When she turned 19 months old she started to lift herself and at 21 months she was walking, but not that well. We moved back to Klerksdorp when she was about 2.5 years old. I was still worried at this stage as she was still on nappies and did not talk. We took her to the Potch University – Care2Kids program to get her assessed and see if there is maybe something wrong. After this I finally got a school that had the time to care for her as the special needs school had her for 1 week and asked us to rather take her out as there is something seriously wrong with her.

In February 2022 she was assessed by Dr J.C.K Strauss who found her to have an intellectual disability as well as a serious communication delay. We started looking around for a Paediatric Neurologist to assess Lenè as we need assistance with treatment and advise on the way forward. In May 2022 she went to see Dr C Erasmus in Pretoria who diagnosed her with Prader Willi Syndrome and ADHD among a list of things. She has a wide range of symptoms and we are eager to find answers so that we can help her have a better quality life.

Lenè turns 5 years old in February 2023. She is currently on 2ml Risperdal a day. This alone is R1900.00 a month. The day to day from our medical covers it but this will soon be depleted. Thereafter, all medicine must be paid in cash. School costs R1850.00 a month and then nappies work out to R165.00 a week. I cannot look for better employment as I need to take off a lot, when she gets sick or is too difficult, so I only get commission on cases completed… no work, no pay.”

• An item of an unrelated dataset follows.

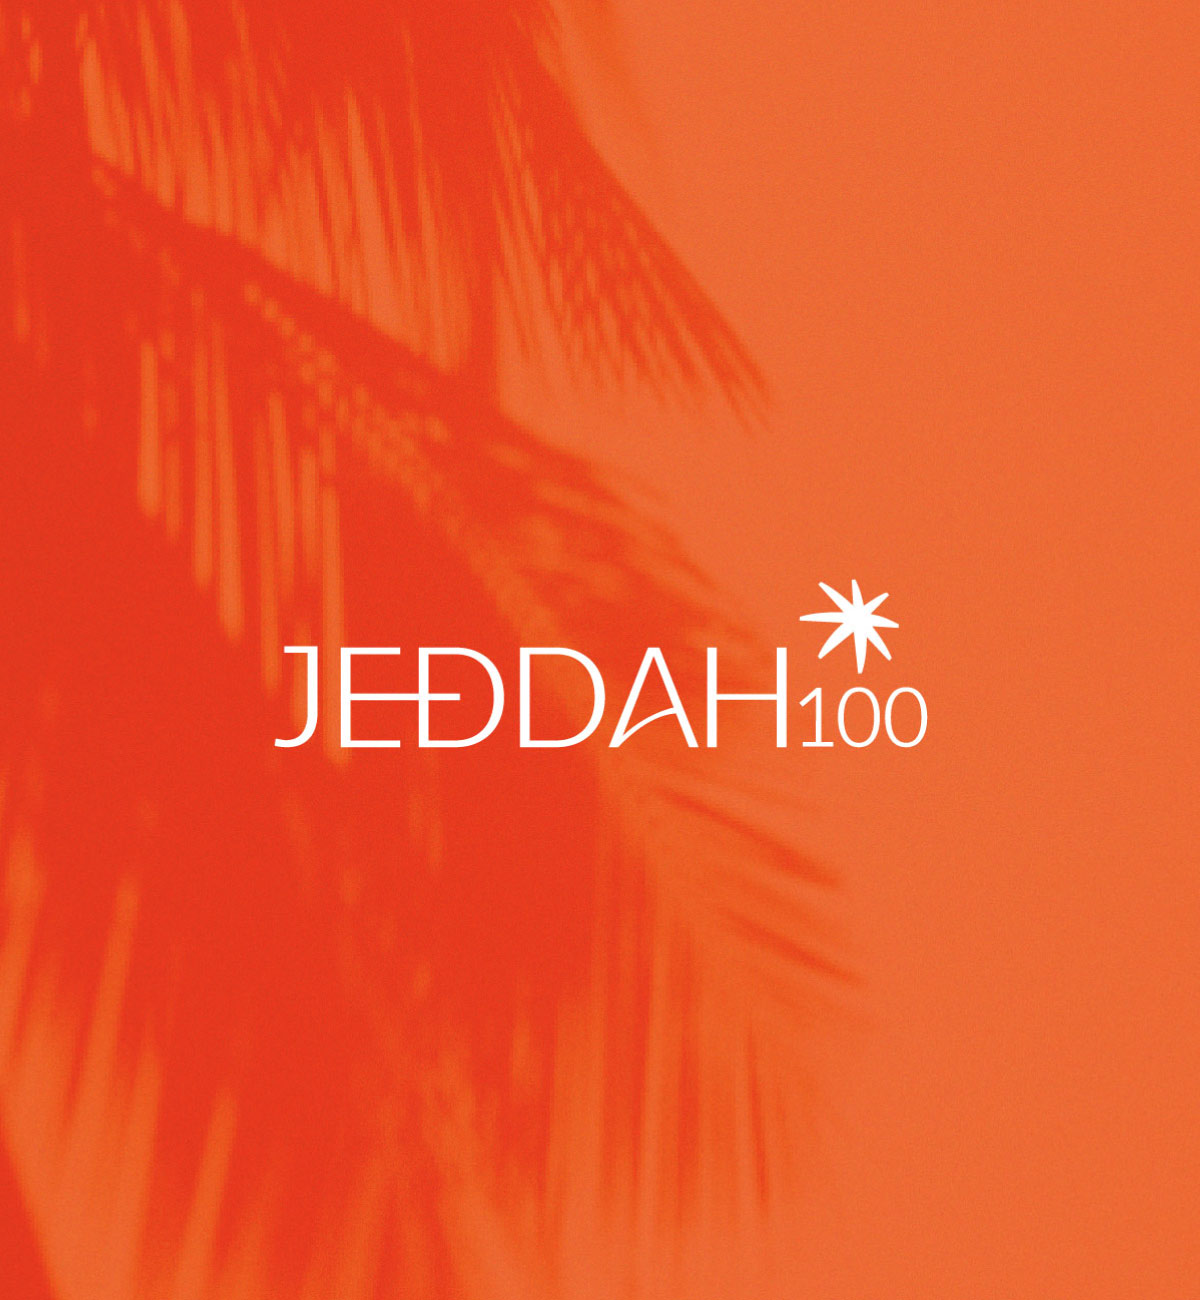 Aimstyle portfolio | Jeddah 100 - Culture-Infused Identity

Please open your heart to Lenè and support our fundraiser for this family in need – all proceeds from the “Uplifted in Faith” bracelets are donated towards her ongoing medical care and expenses. Together we CAN make a difference!

Alternatively, please consider making a donation. Any and all donations welcome. REF: Lenè Grobler.

Fundraising for Lenè Grobler

Uplifted in Faith Bracelets

The “Uplifted in Faith Bracelets” consist of grey and white wooden beads with crystal, silver and diamante fillers.

Charm options:
Heart / Faith / Butterfly.

To place an order, contact the agent in your area or shop online.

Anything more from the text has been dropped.